Video by Danzig
- Released: 2003
- Recorded: 1992–1993
- Genre: Heavy metal
- Label: Evilive, Regain
- Director: Glenn Danzig, Anton Corbijn, Jonathan Reiss
- Producer: Glenn Danzig

Danzig chronology
| Lucifuge: The Video (1991) | Archive de la Morte (2003) | Il Demonio Nera (2005) |

= Archive de la Morte =

Archive de la Morte (French for "Archive of Death") is a DVD released by American heavy metal band Danzig in 2003.

The DVD continues the collection that began with the band's first two VHS releases, Danzig (1989) and Lucifuge: The Video (1991), and chronicles the band's video singles from their third album Danzig III: How the Gods Kill (1992) and their first EP Thrall-Demonsweatlive (1993).

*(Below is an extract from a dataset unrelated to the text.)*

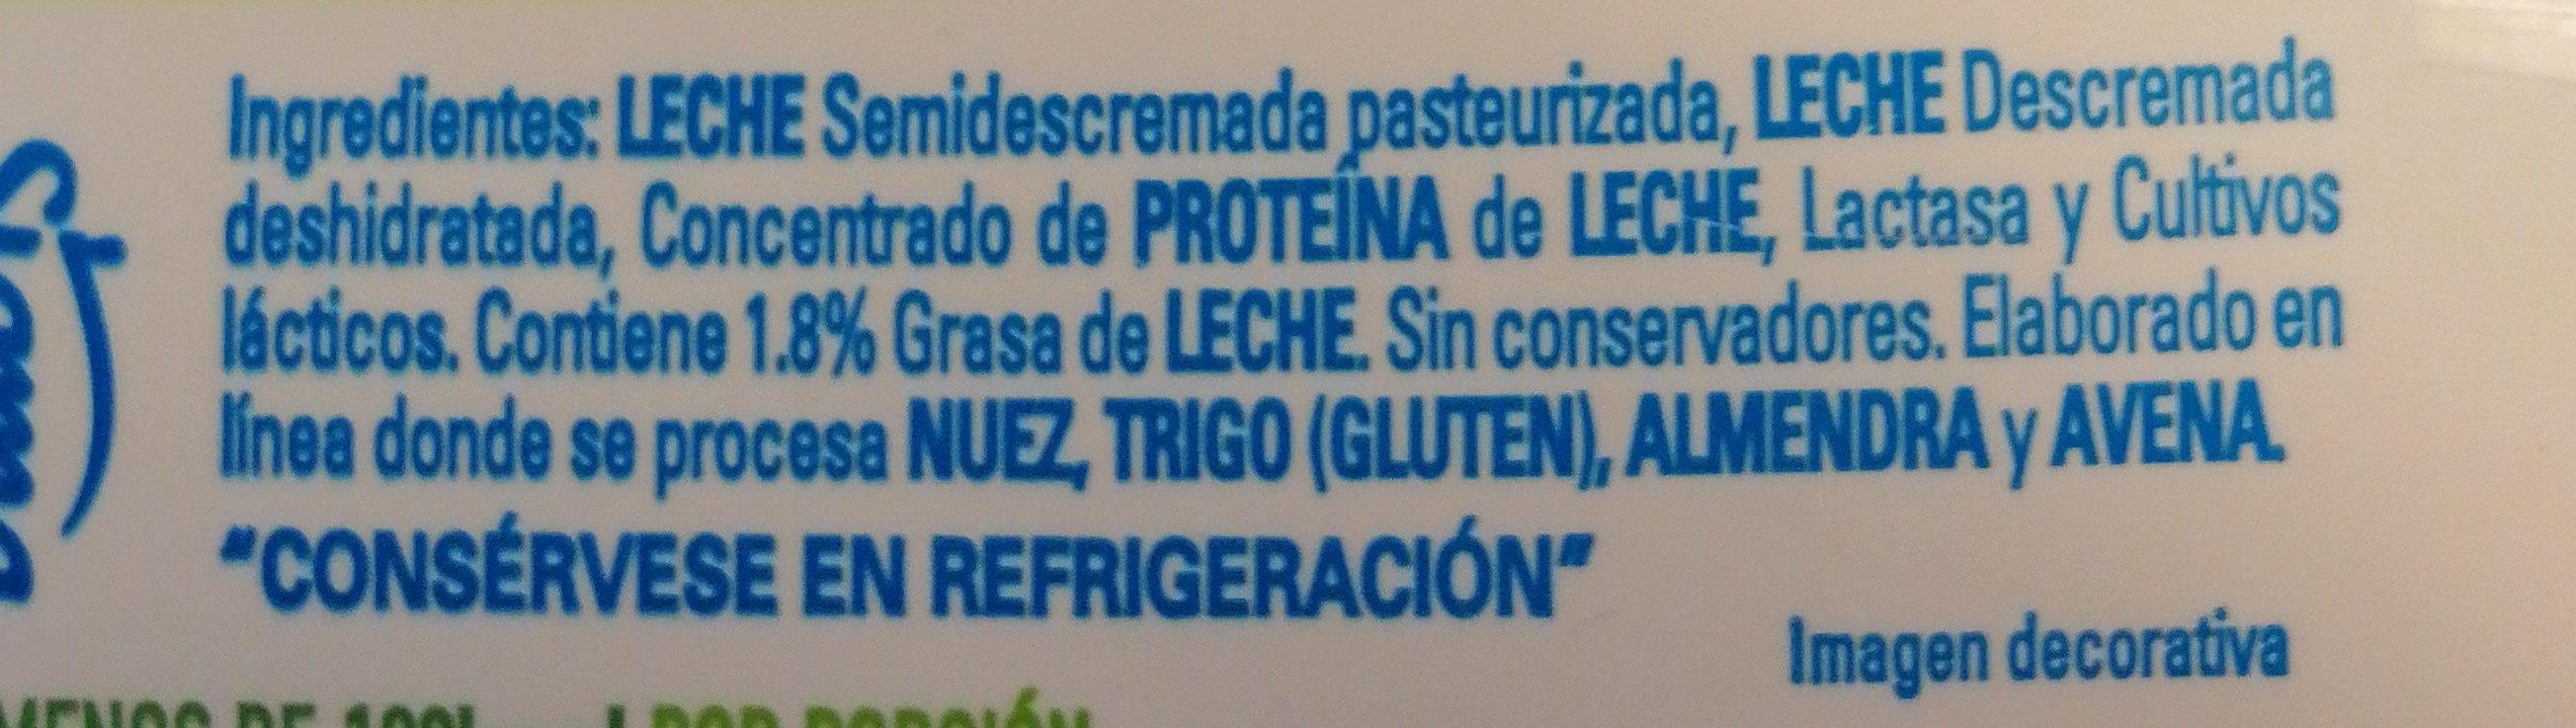 Yoghurt Griego Natural - Ingredientes - fr

The DVD contains 12 music videos for the US release, and the European release includes an extra bonus video. Frontman Glenn Danzig regained the right of ownership over the music videos after winning a lawsuit against Rick Rubin. However, the R-rated version of "How the Gods Kill" differs slightly from that released in 1992 as part of the How the Gods Kill limited edition CD and VHS box set. According to Danzig, the earlier edit and all other music videos officially released previously by Rubin's American Recordings remain the property of the label.

==Track listing==
1. "Dirty Black Summer"
2. "Dirty Black Summer" - Glenn Danzig performance
3. "Dirty Black Summer" - Band performance
4. "How the Gods Kill" - R-rated version
5. "How the Gods Kill" - Band performance
6. "Sistinas" (Previously unreleased)
7. "Bodies" - Camera 1 (Previously unreleased)
8. "Bodies" - Camera 2 (Previously unreleased)
9. "It's Coming Down" - MTV version
10. "It's Coming Down" - R-rated version (broadcast on The Box in 1993)
11. "It's Coming Down" - Totally uncensored version
12. "Mother '93" (Live) - (Live video footage and studio recorded music)

Europe bonus track
1. - "Left Hand Black" (Live) - (Live performance on October 31, 1992, at the Irvine Meadows Amphitheatre)

All music videos directed by Glenn Danzig, except "Dirty Black Summer" by Anton Corbijn and "It's Coming Down" by Jonathan Reiss.